And Leo is there to make sure she stays clean, even if it means killing everyone coming after her.
Politically, The Purge: Election Year is clear in its condemnation of politicized religion, which gives the film a liberal slant by default, as far as the broad-stroke plot goes. But when you get down into the muck, there’s a fascination here with the selfish violence of American culture, represented most emphatically by Kimmy (Brittany Mirabile) and her “Schoolgirl Freakbride” posse. These girls are hyper-sexualized and hyper-violent, operating solely to satisfy their most basic appetites. Kimmy, covered in gore and wearing a Kiss Me mask, has already killed her parents and is ready to kill Joe and anyone else in her way as she demands the candy she was kept from shoplifting from the store earlier.
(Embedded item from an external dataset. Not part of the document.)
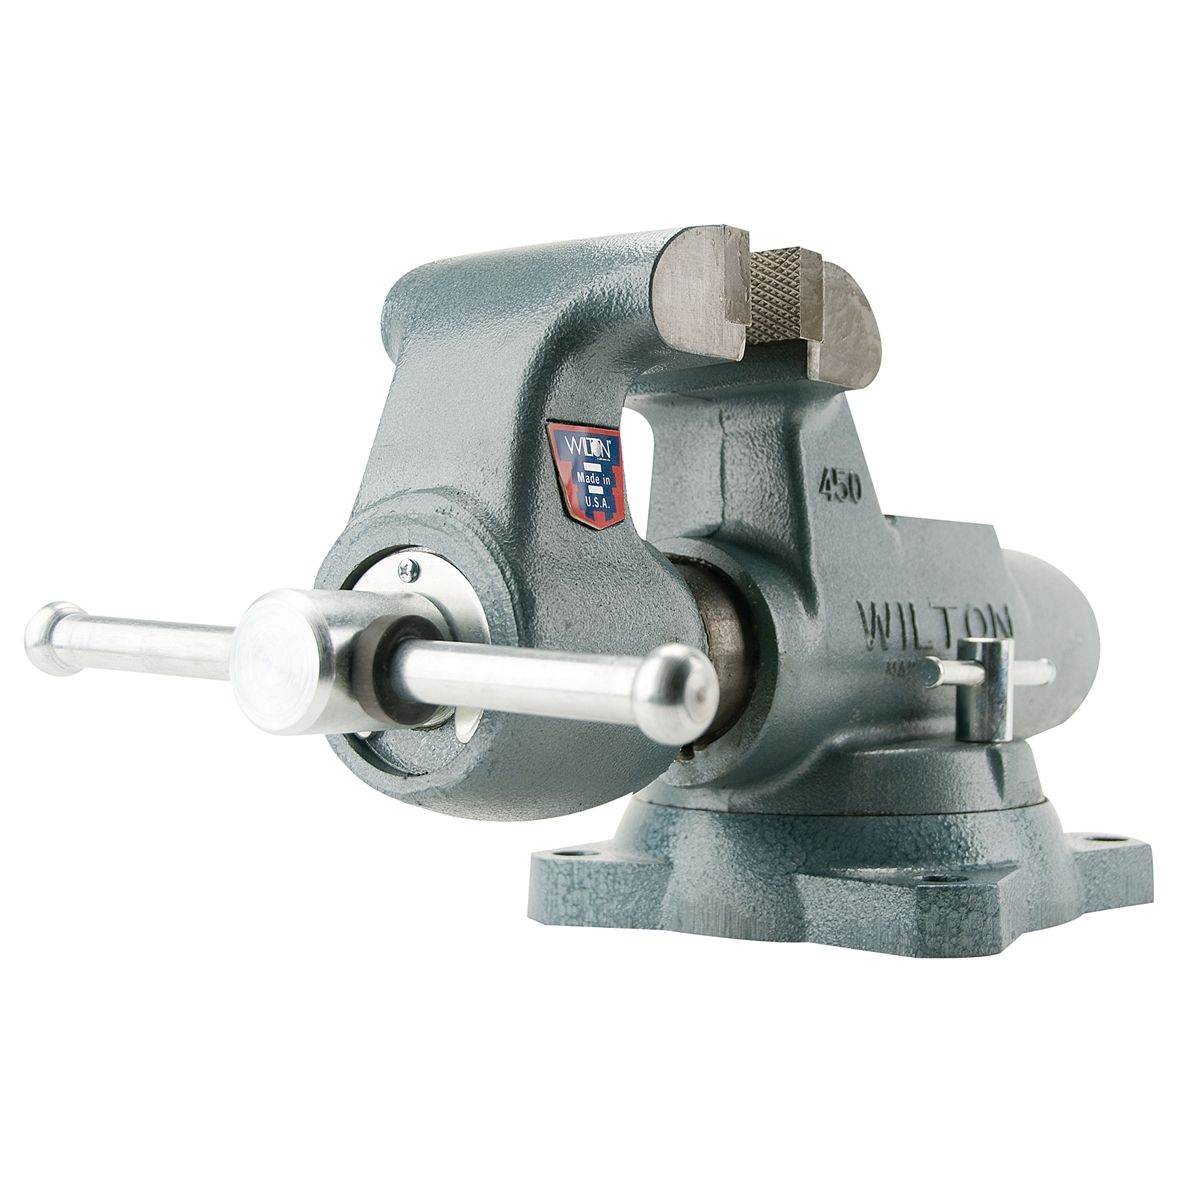 450S Machinists Bench Vise Swivel Base 4 1/2 Inch

The Freakbrides are mirrored by the foreign “Murder Tourists” from South Africa who nearly kill Leo and Sen. Roan before being gunned down in classic grindhouse fashion by Joe and Marcos. They are essentially a murder gang cosplaying as American Iconic Symbols and are an amazing visual, particularly as they’re being shot repeatedly by our heroes. I’m sure there’s something that could be said here about foreign money corrupting America but being weeded out by small business owner patriots, but I’ll leave that for you folks to work out.
In the end, we get our happy ending, after the traditional sacrificial characters are trotted out and nobly murdered, but as the film fades to black and the opening of Bowie’s “I’m Afraid of Americans” begins to play, the news is sharing reports of a conservative backlash as violence is breaking out across the country with the announcement of new President Roan’s victory. So will the inevitable next Purge film continue on or will it circle back and go the prequel route? Odds are on a prequel at the moment, but only time will tell.
Deleted Scenes: As per usual with this sort of thing, the deleted scenes don’t really add anything to the story, except for clarifying Sen. Roan’s love of Five Guys burgers.
Inside The Purge: The cast and crew are all here to discuss the themes of the film, how close to reality it is (or isn’t), and sing the praises of DeMonaco, who’s singular vision has made the Purge franchise a thing of low-budget filmmaking legend (the first Purge film made $89 million on a $3 million budget, Anarchy made $111 million on a $9 million budget, and Election Year ended up with a box office total of $118 on a $10 million budget).
Character Spotlight: Leo: This is a short love letter to Frank Grillo. I highly recommend it!